(What you should do): Verbatim copy, images removed: write out the entries below.

(Data provided):
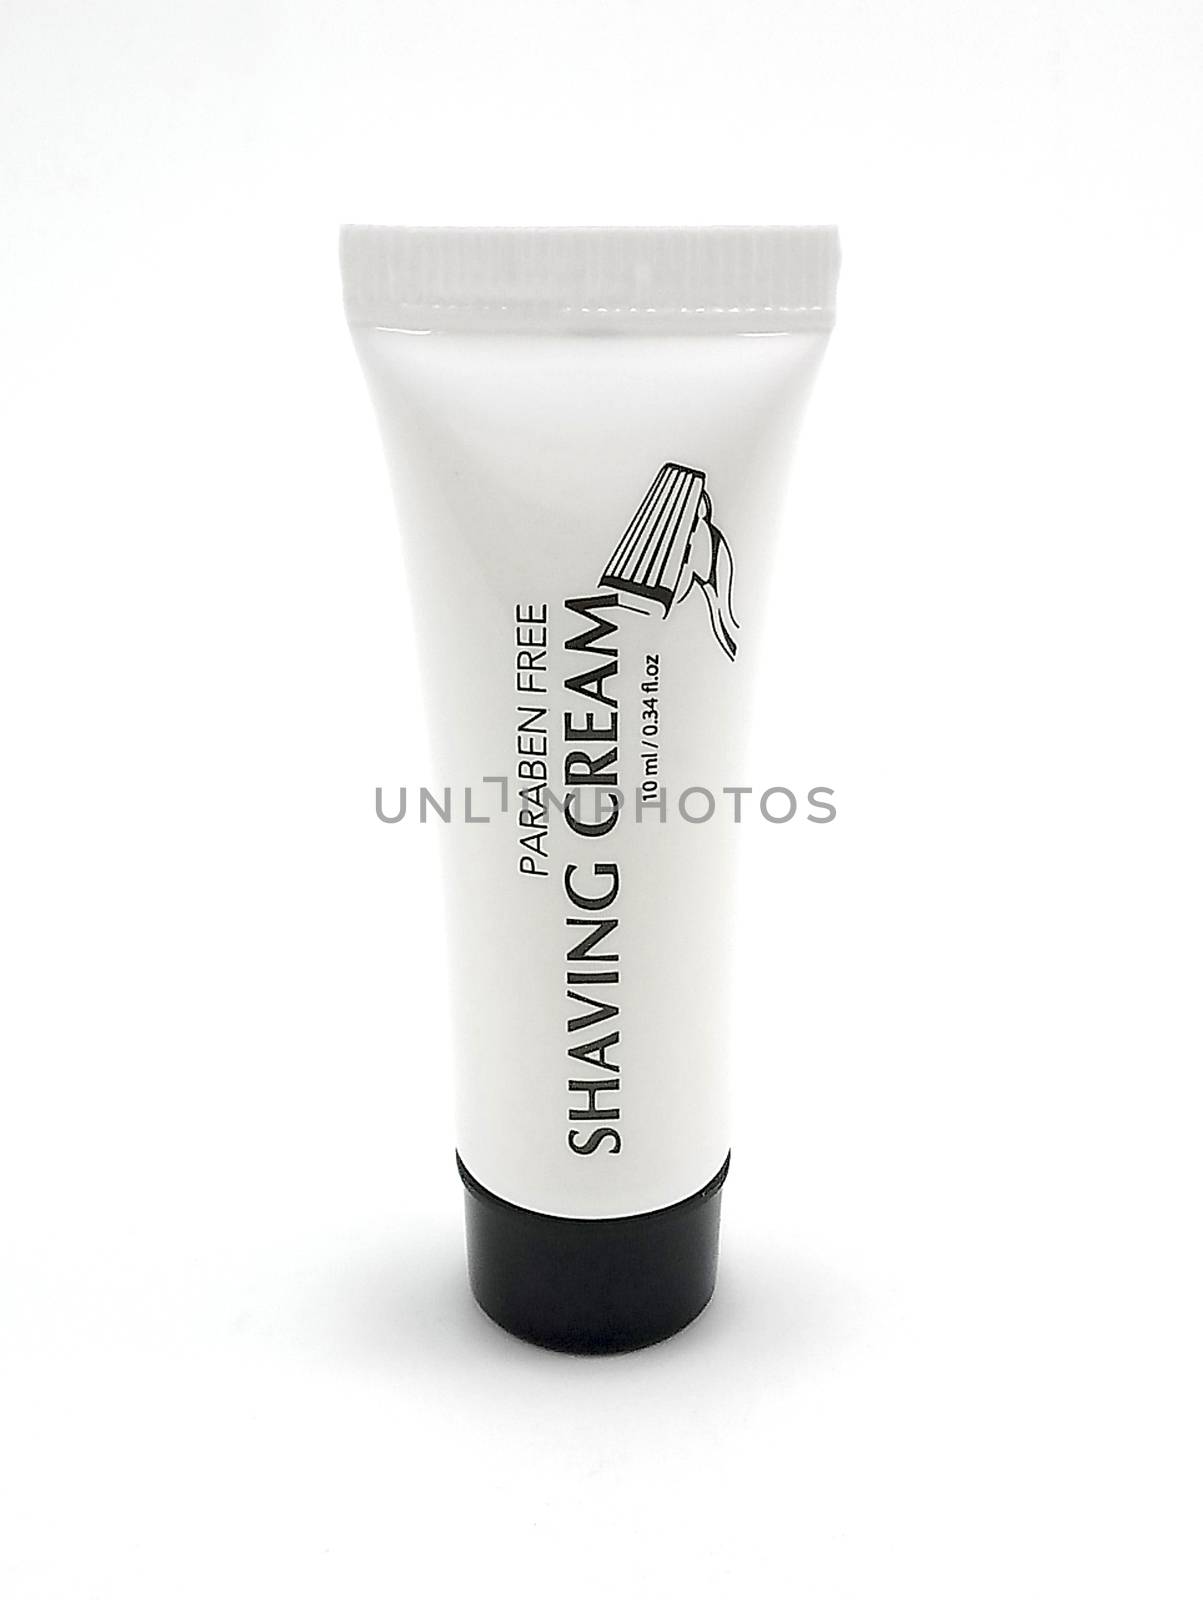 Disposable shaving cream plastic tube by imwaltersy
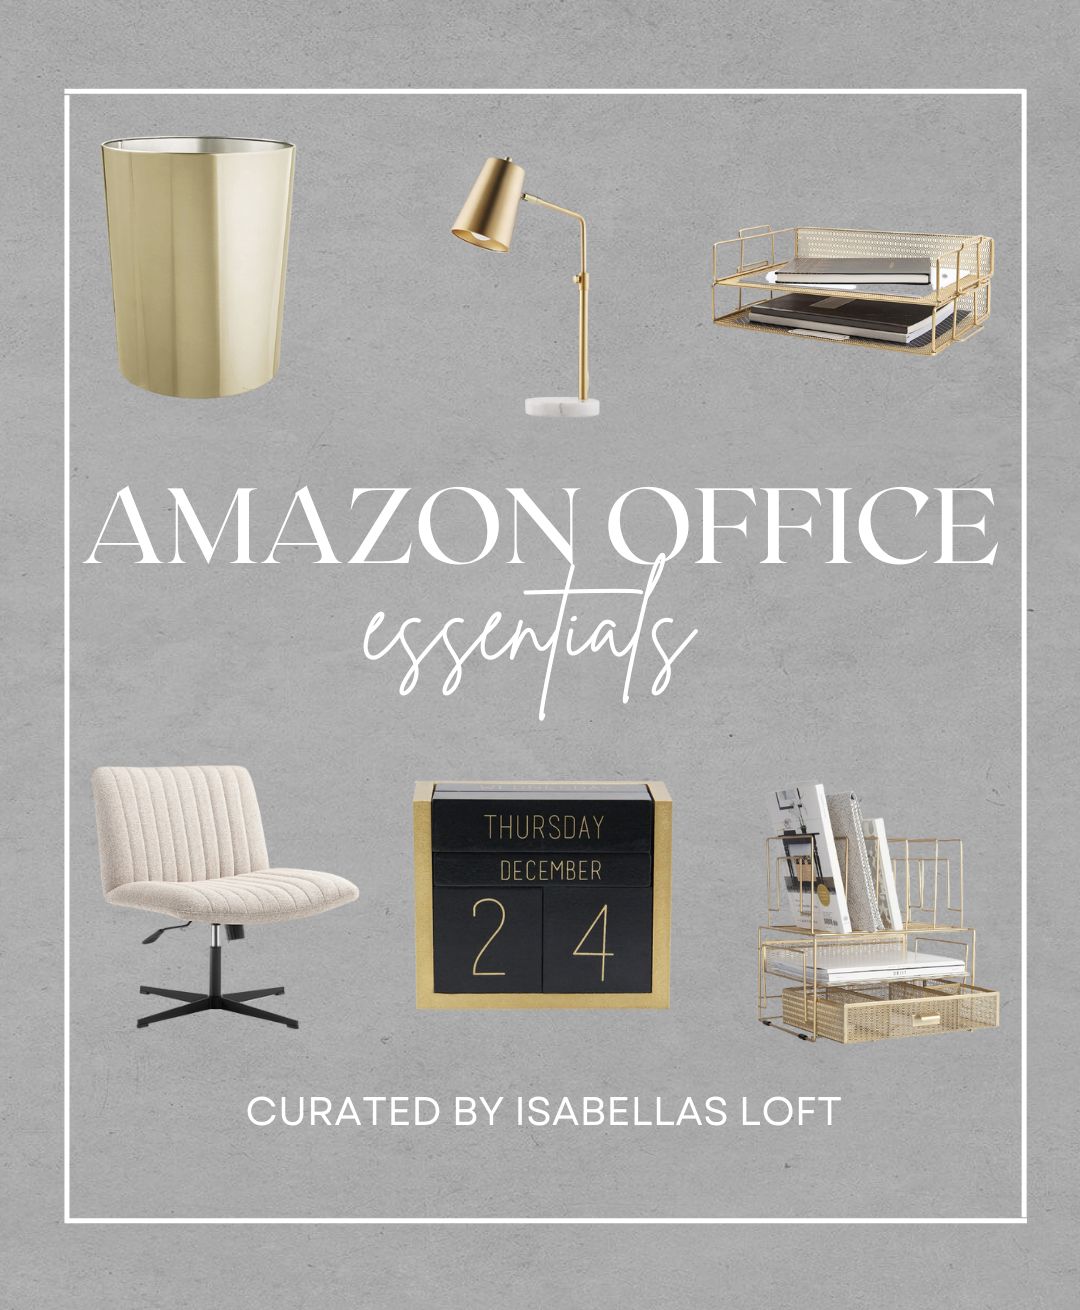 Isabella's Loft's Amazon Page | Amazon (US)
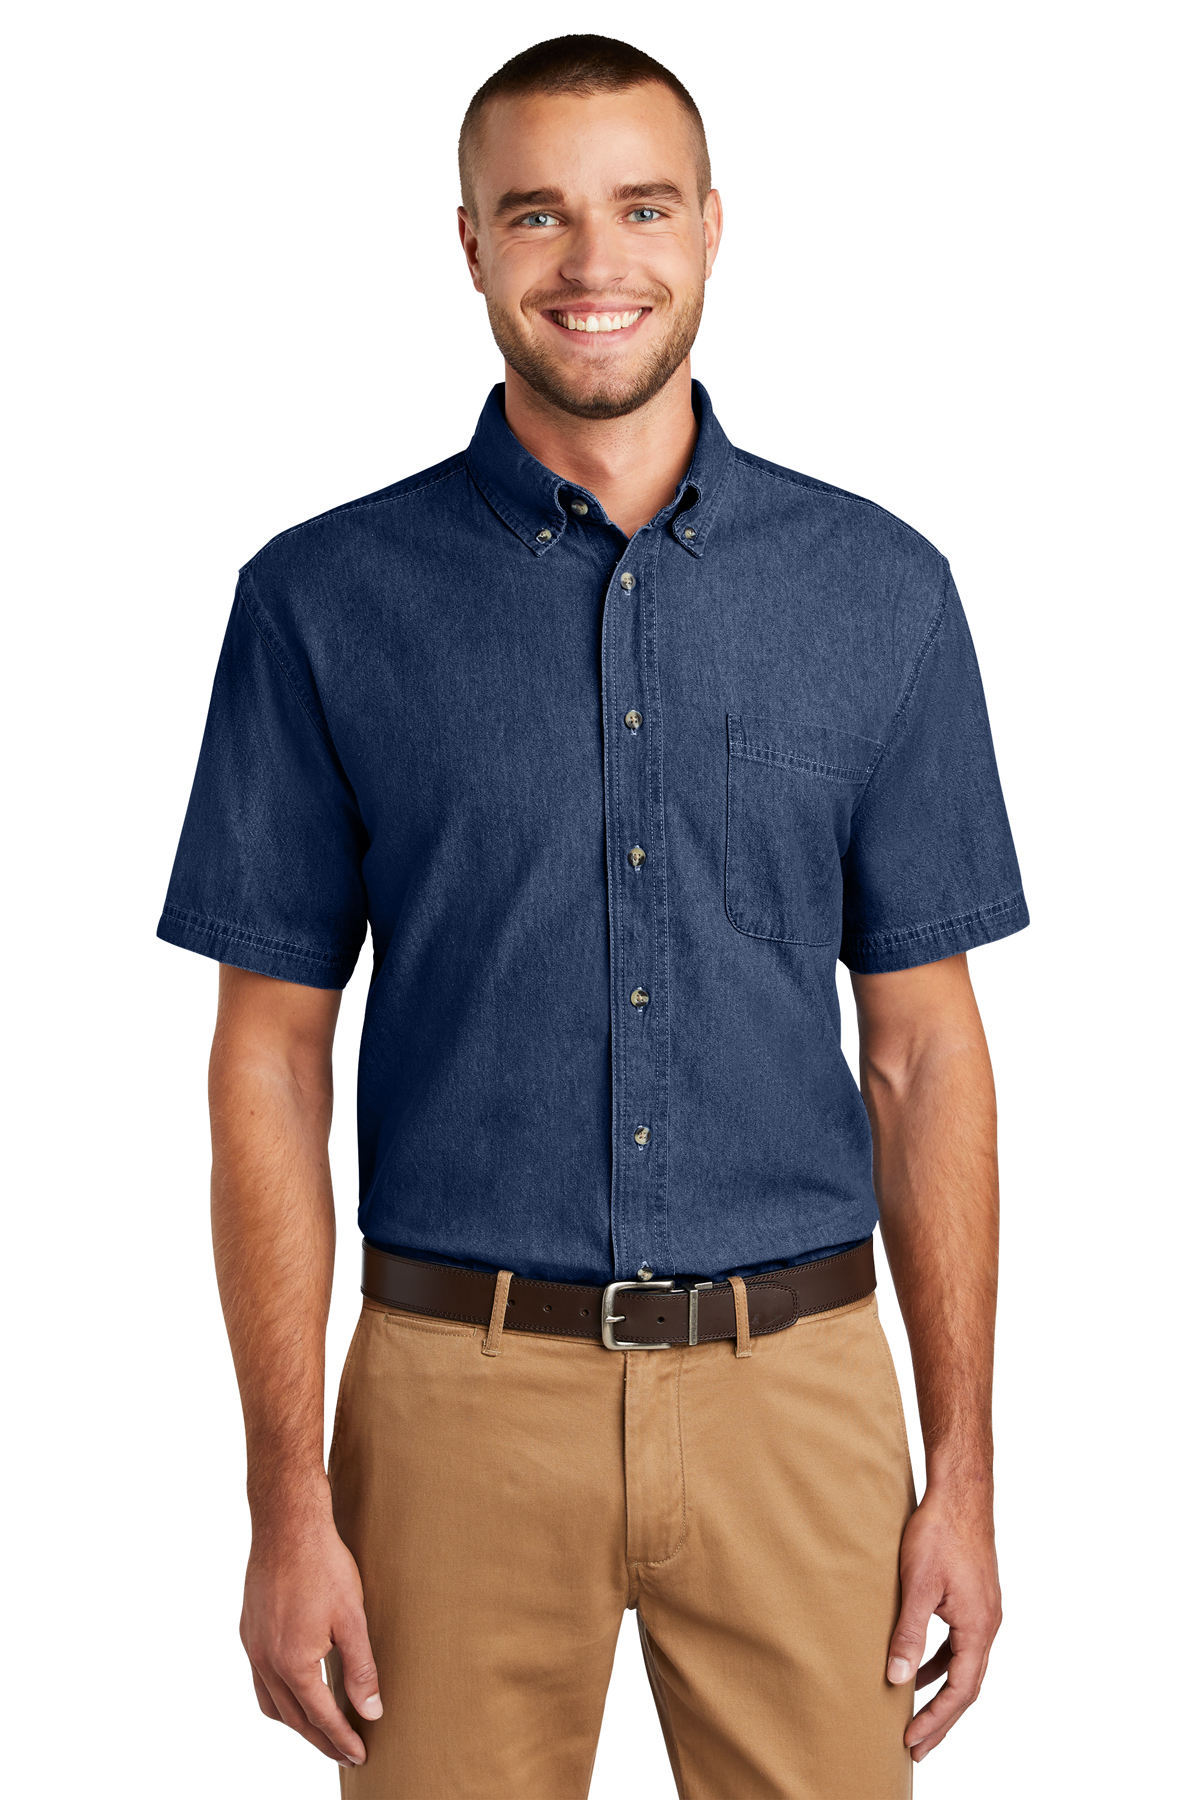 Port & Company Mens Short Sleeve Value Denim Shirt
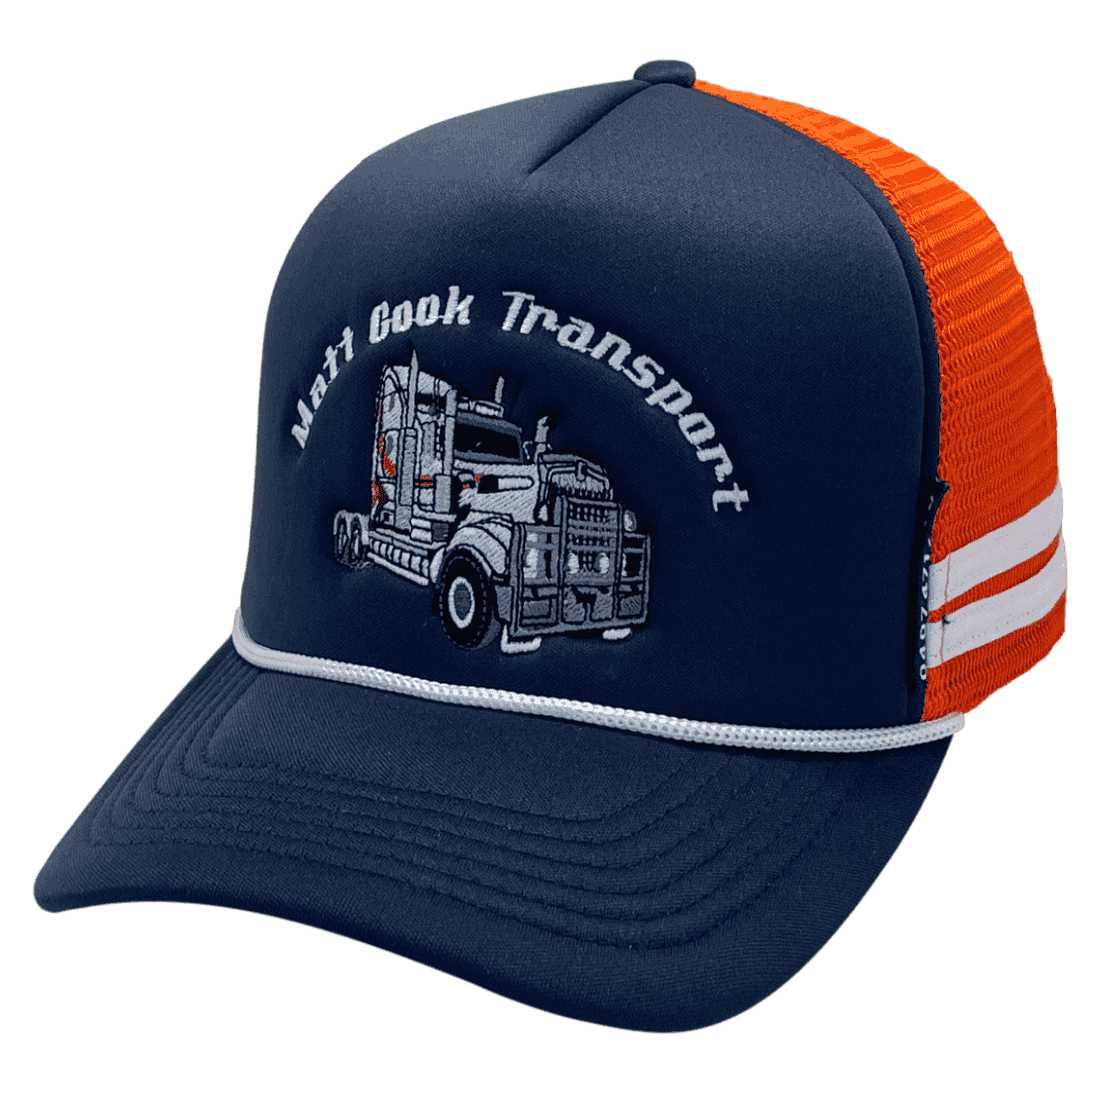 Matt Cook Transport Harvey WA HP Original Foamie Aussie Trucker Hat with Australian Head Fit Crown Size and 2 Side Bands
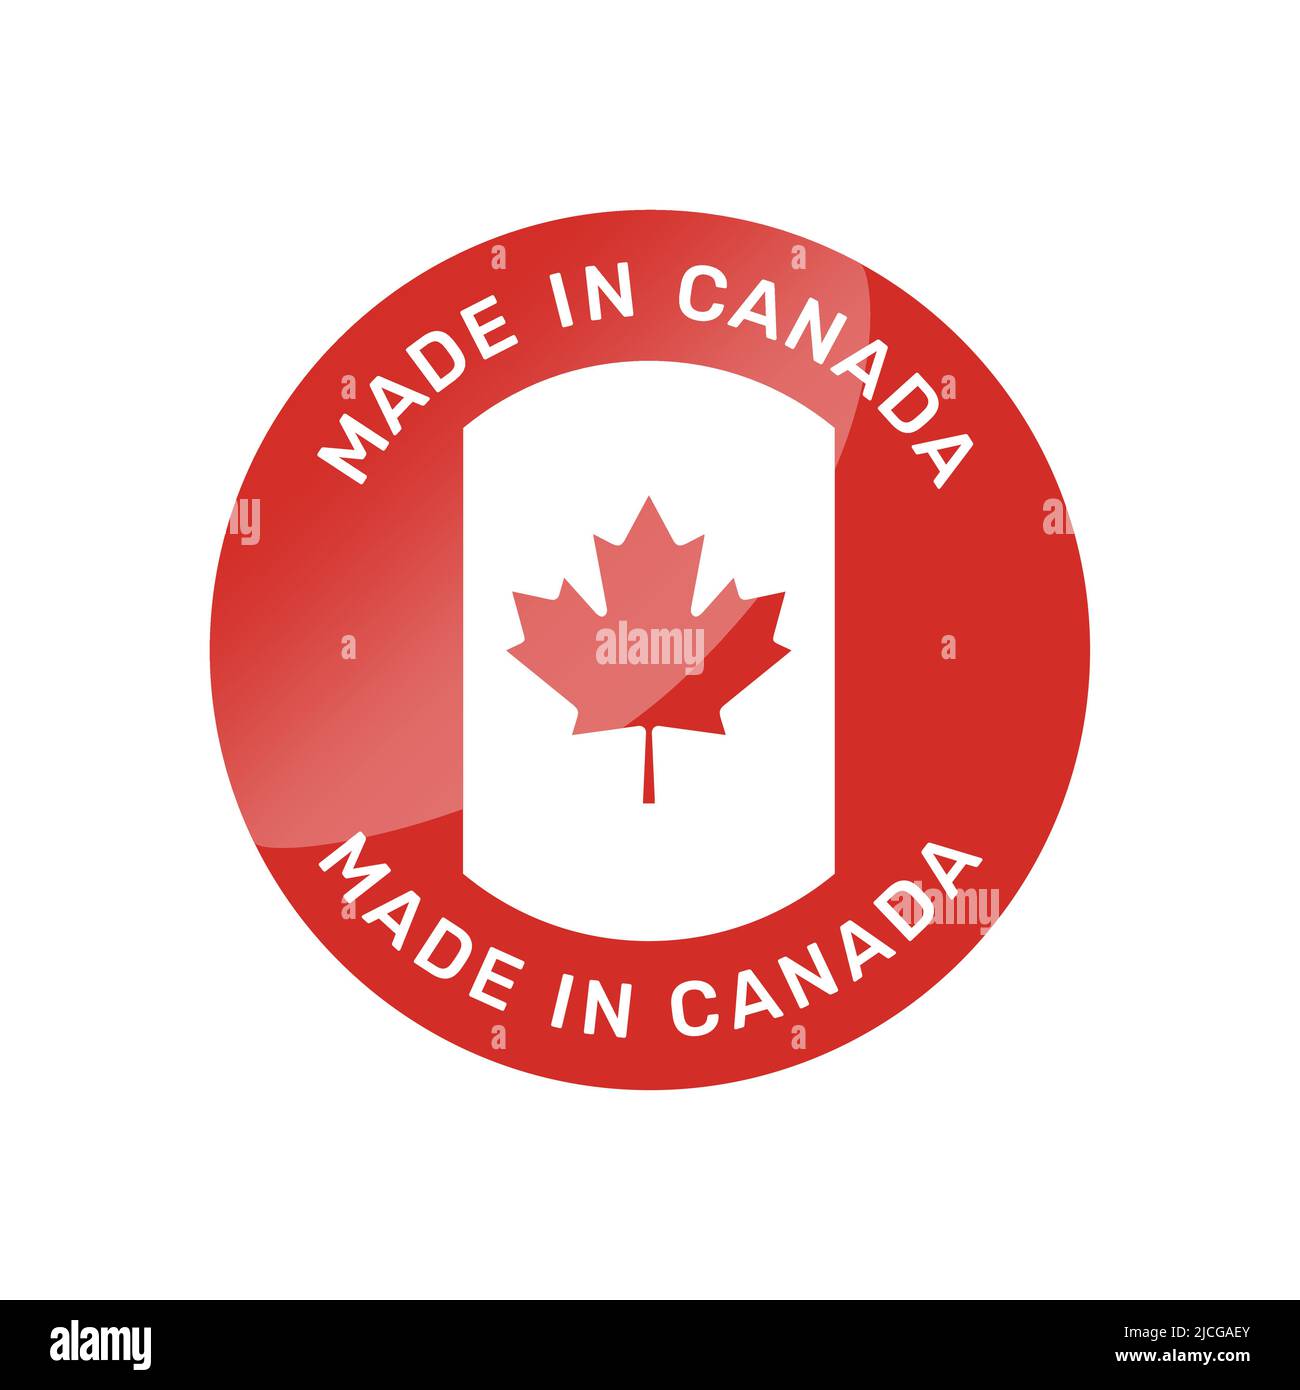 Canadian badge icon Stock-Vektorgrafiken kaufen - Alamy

(Solved exercise):
 Disposable shaving cream plastic tube by imwaltersy
 Isabella's Loft's Amazon Page | Amazon (US)
 Port & Company Mens Short Sleeve Value Denim Shirt
 Matt Cook Transport Harvey WA HP Original Foamie Aussie Trucker Hat with Australian Head Fit Crown Size and 2 Side Bands
 Canadian badge icon Stock-Vektorgrafiken kaufen - Alamy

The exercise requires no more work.